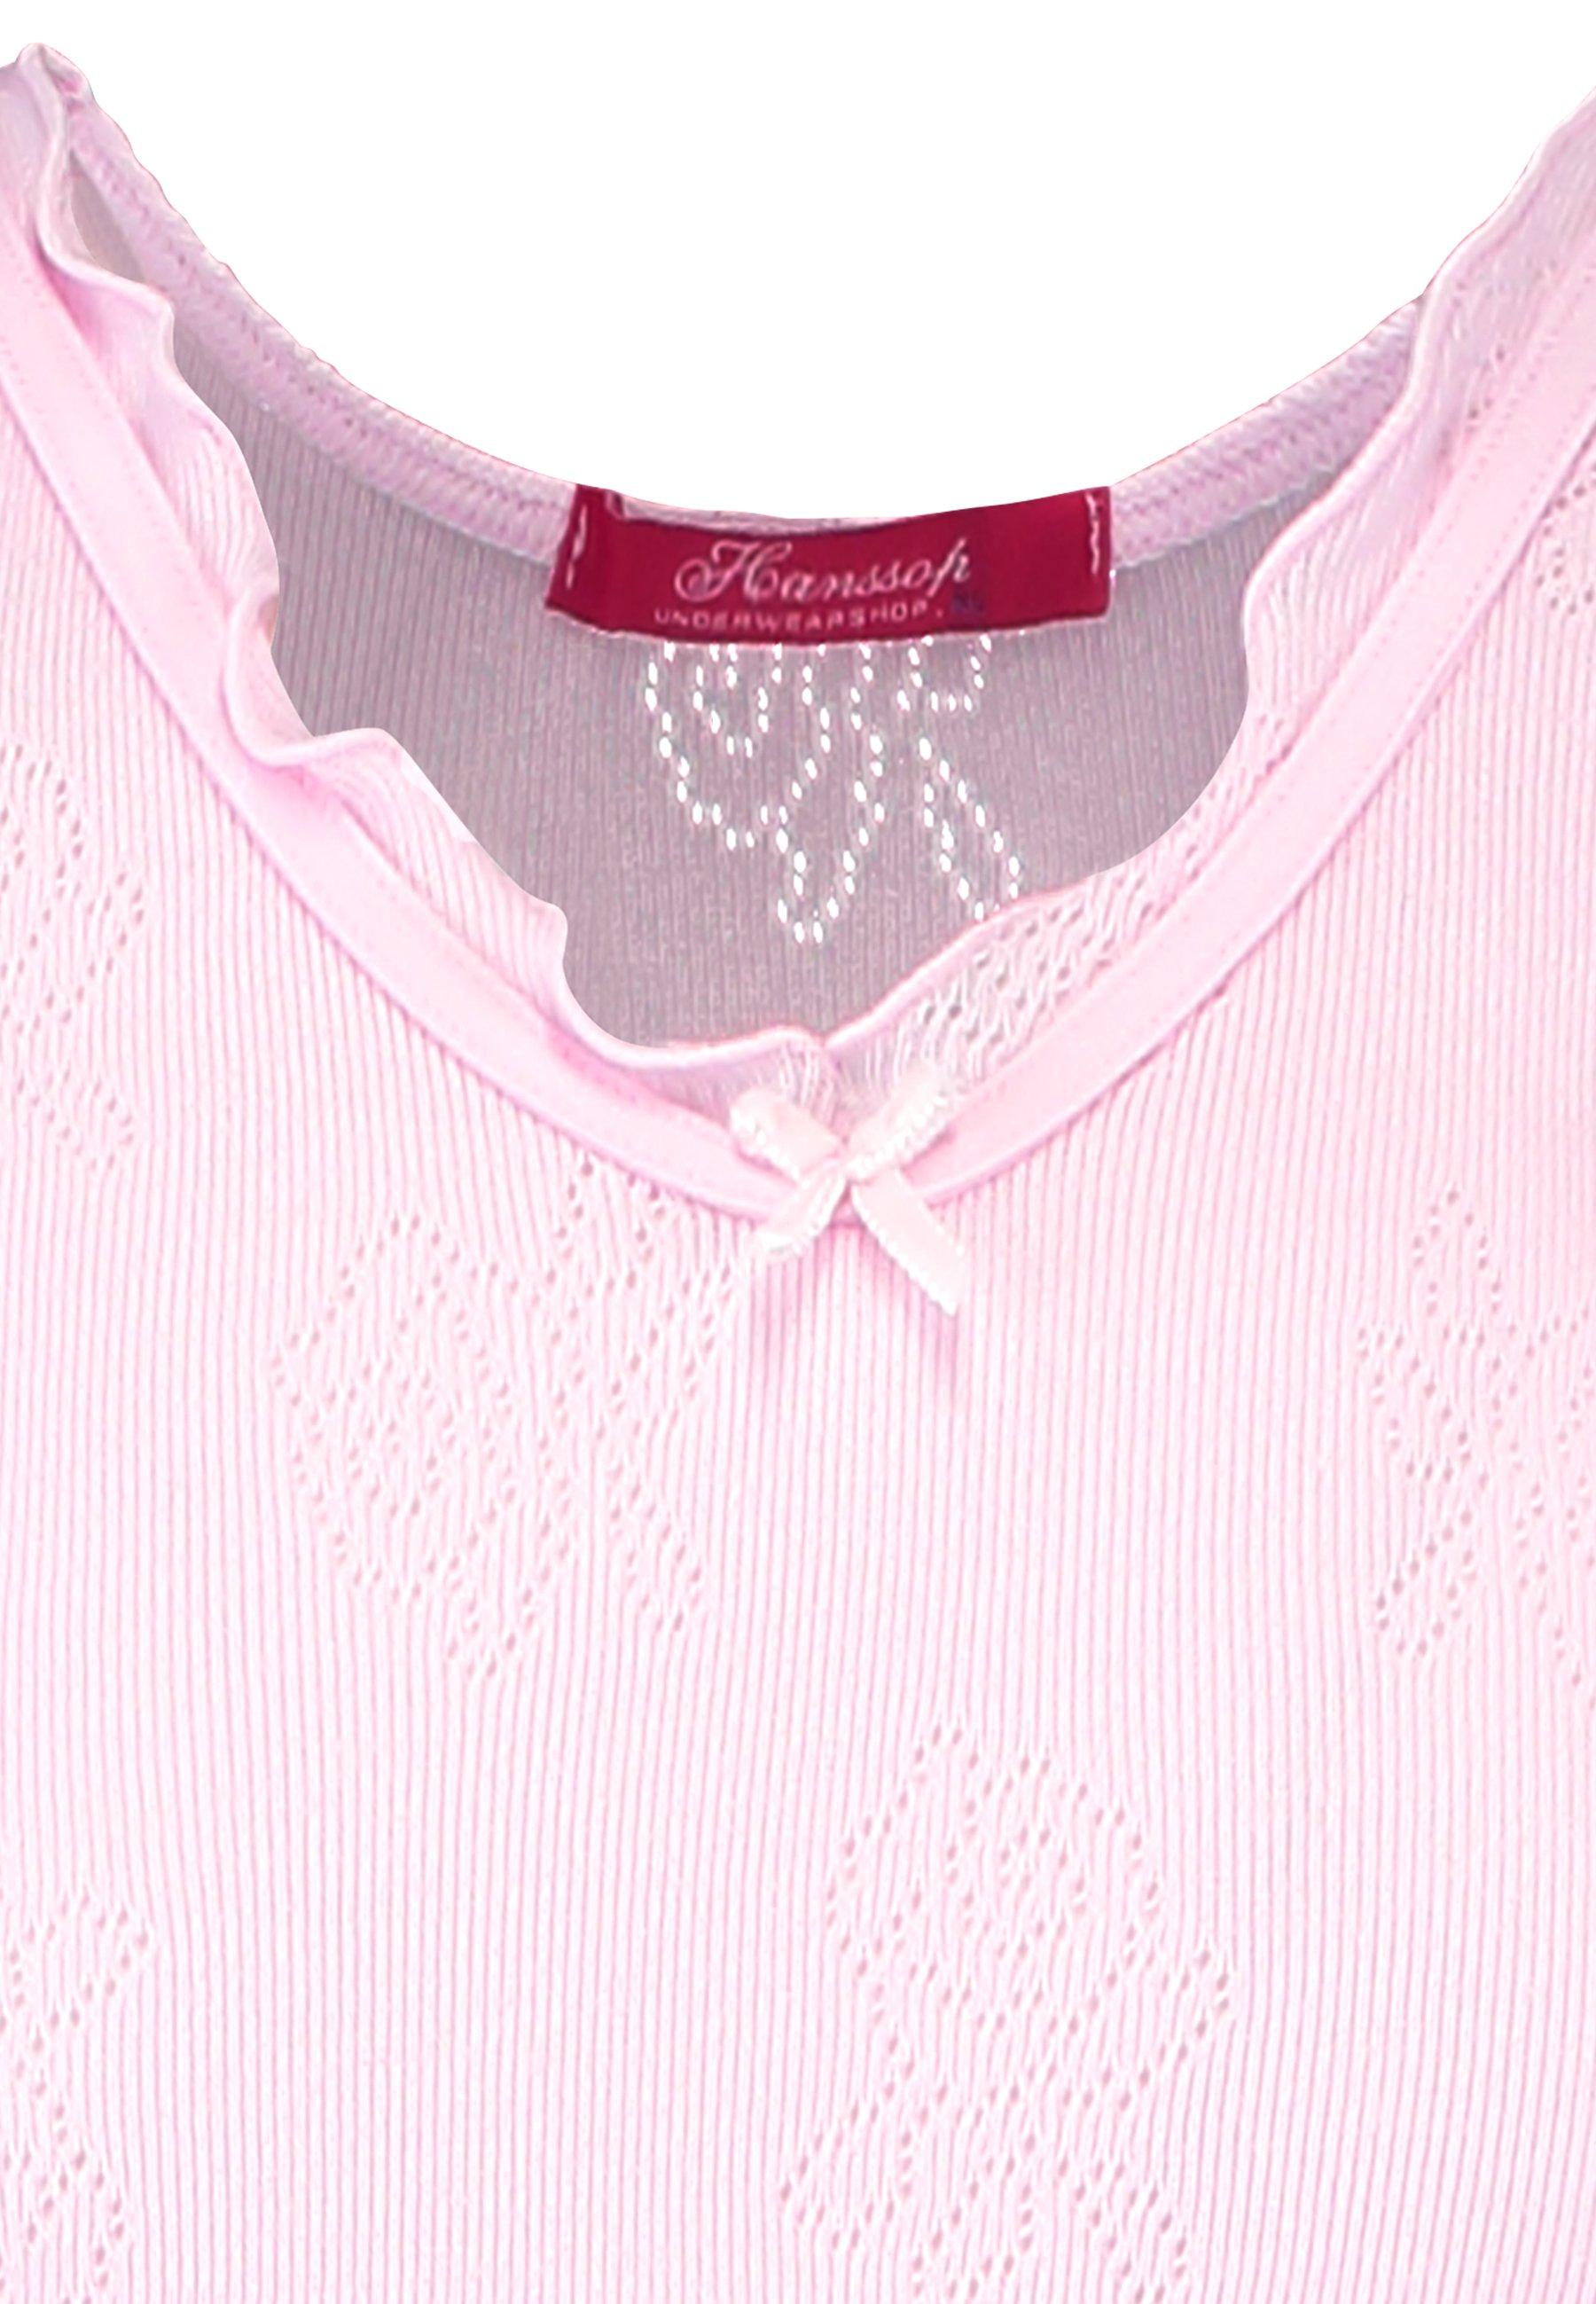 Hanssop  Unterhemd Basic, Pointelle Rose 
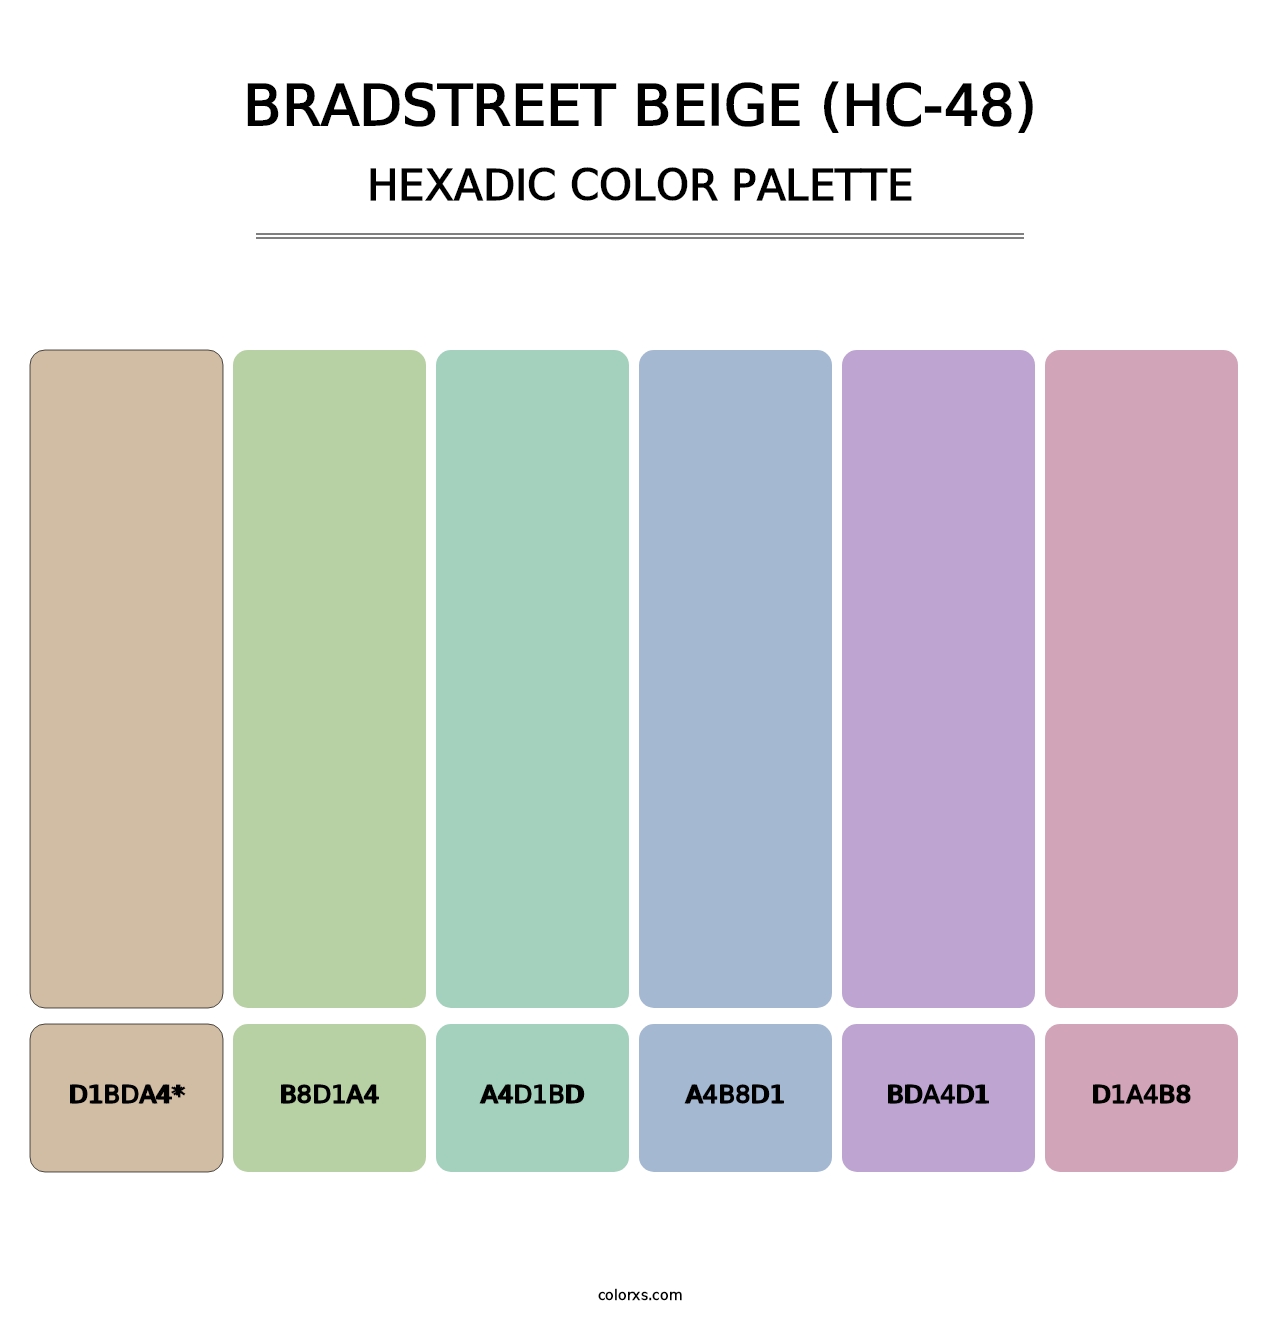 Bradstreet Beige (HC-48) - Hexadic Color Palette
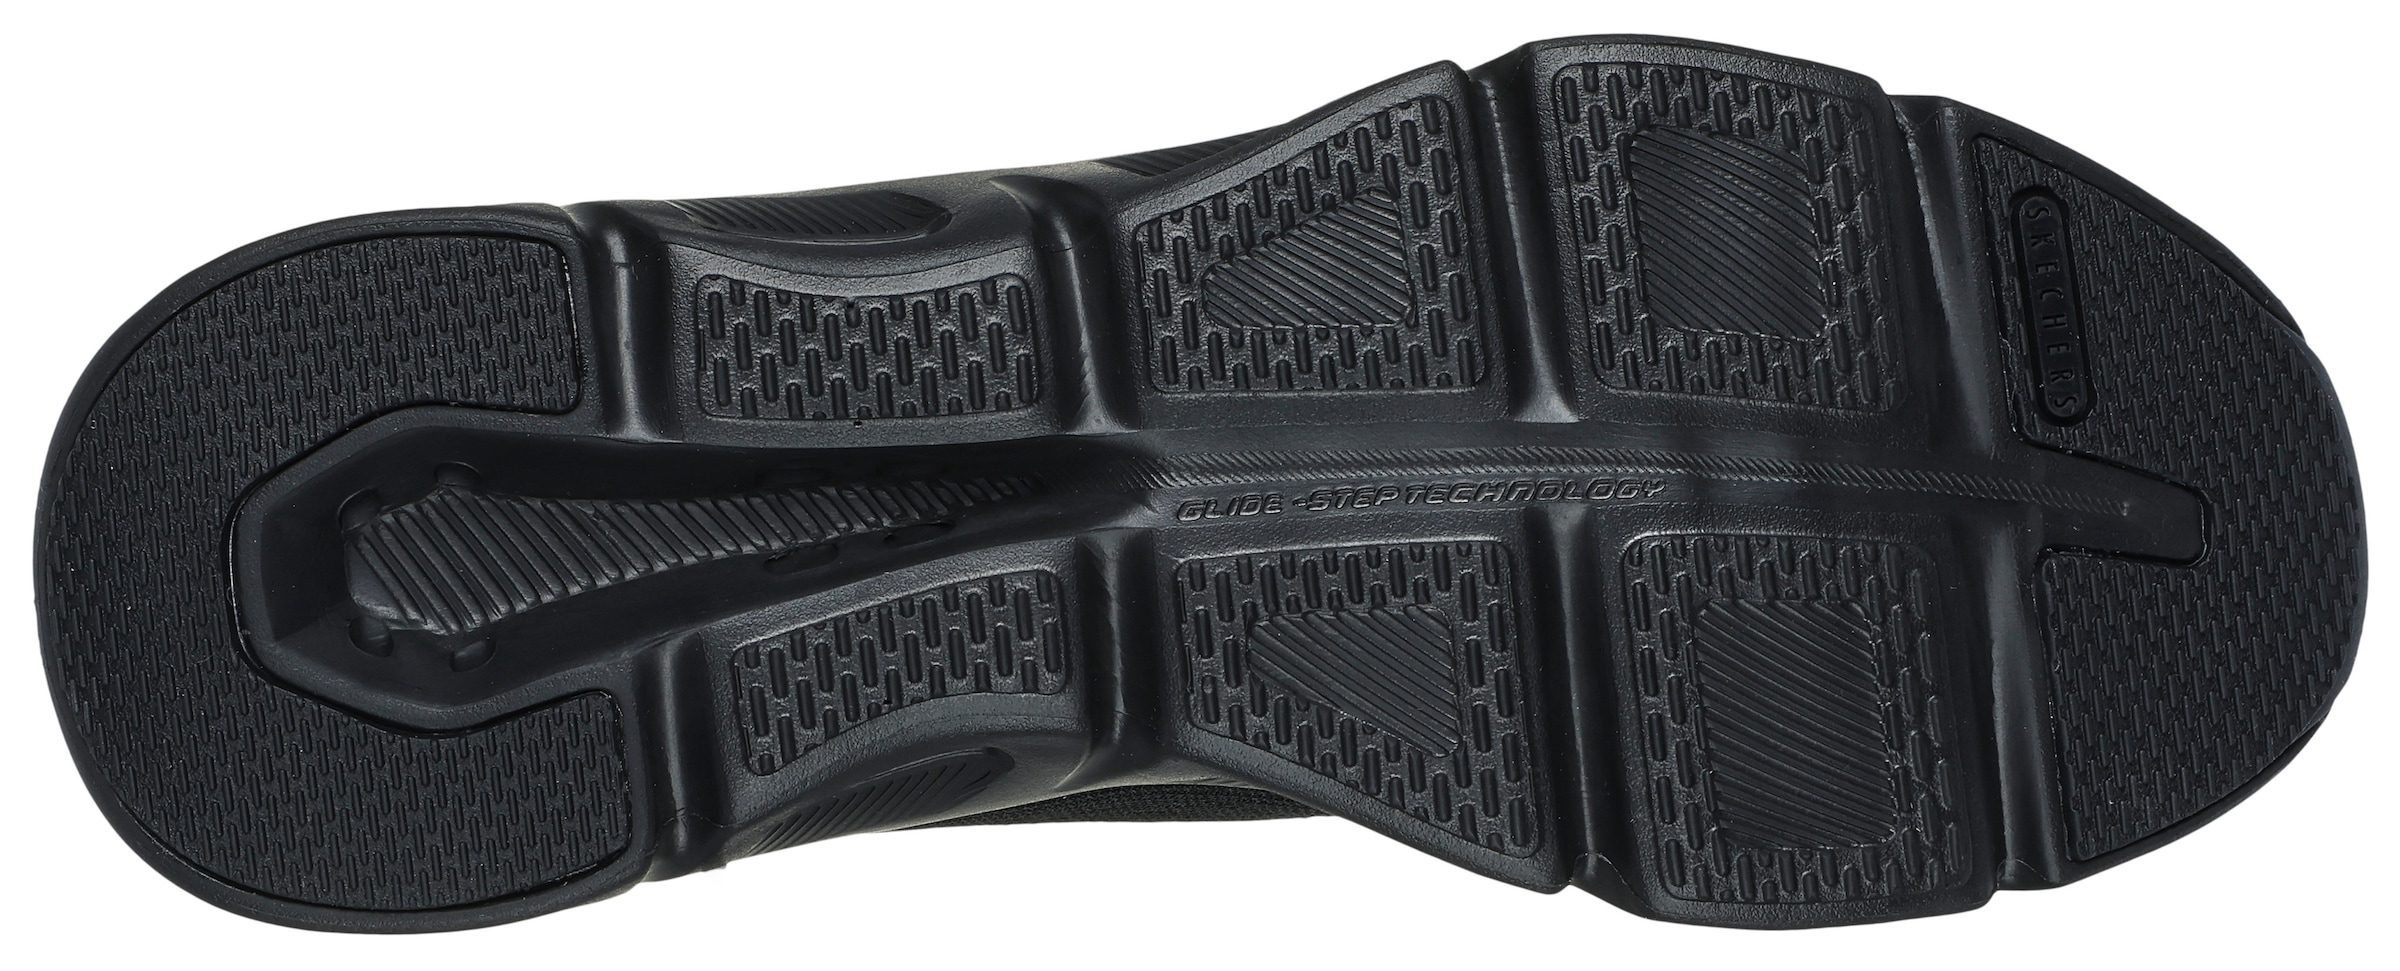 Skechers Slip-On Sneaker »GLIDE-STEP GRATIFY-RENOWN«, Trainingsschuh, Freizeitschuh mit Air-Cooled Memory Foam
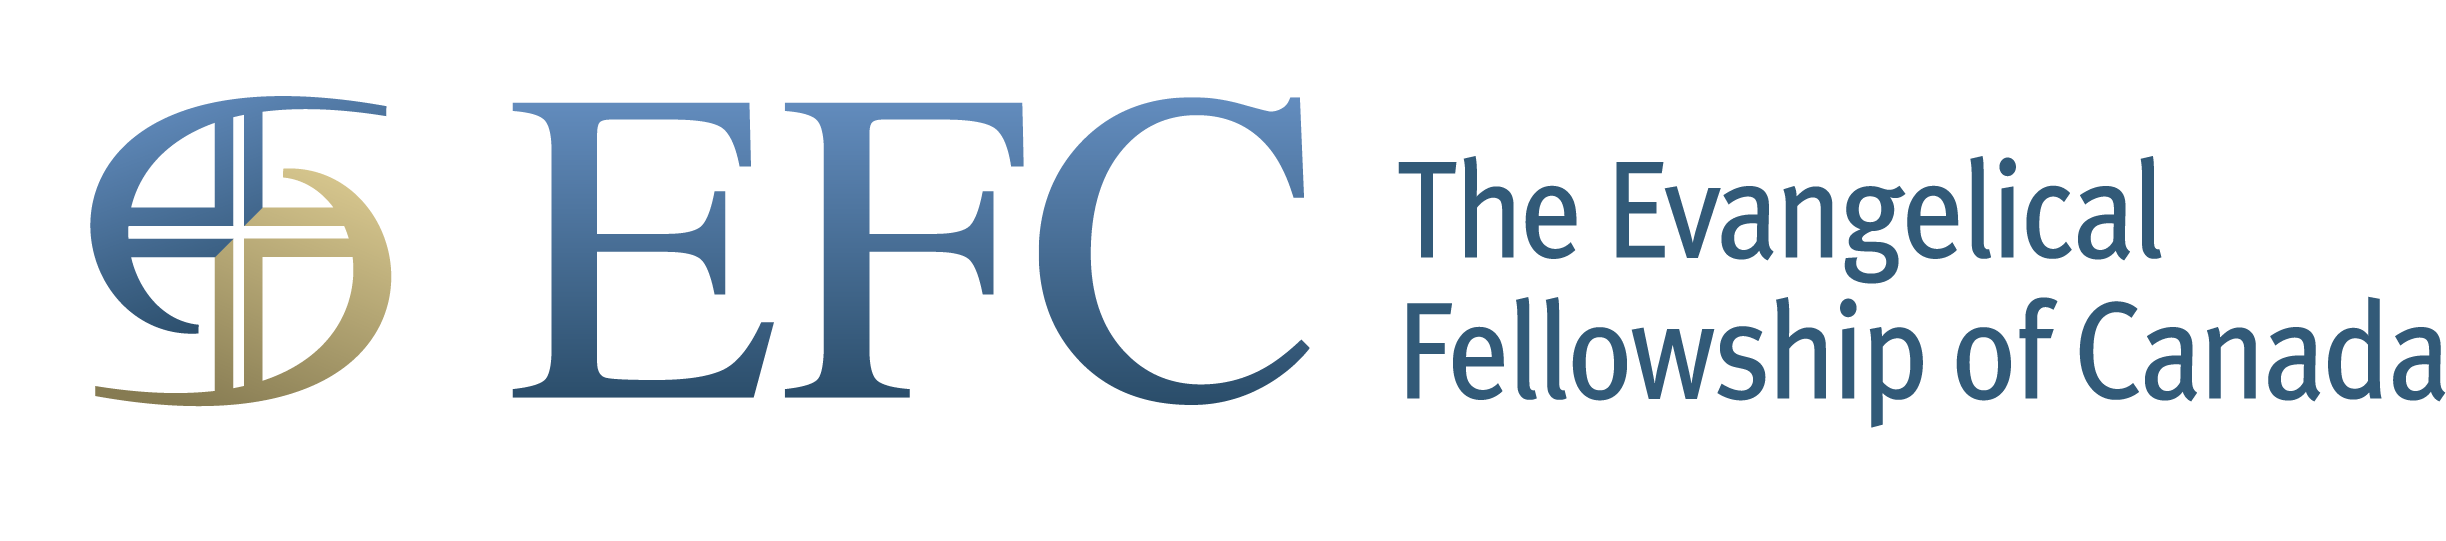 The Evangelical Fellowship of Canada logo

● ● ●

[Exercise objective]: Go through the material above and retype every line exactly, without the images.

[Solution to this exercise]:
 Hanssop  Unterhemd Basic, Pointelle Rose 
 Bradstreet Beige (HC-48) - Hexadic Color Palette
 Skechers Slip-On Sneaker »GLIDE-STEP GRATIFY-RENOWN«, Trainingsschuh, Freizeitschuh mit Air-Cooled Memory Foam
 The Evangelical Fellowship of Canada logo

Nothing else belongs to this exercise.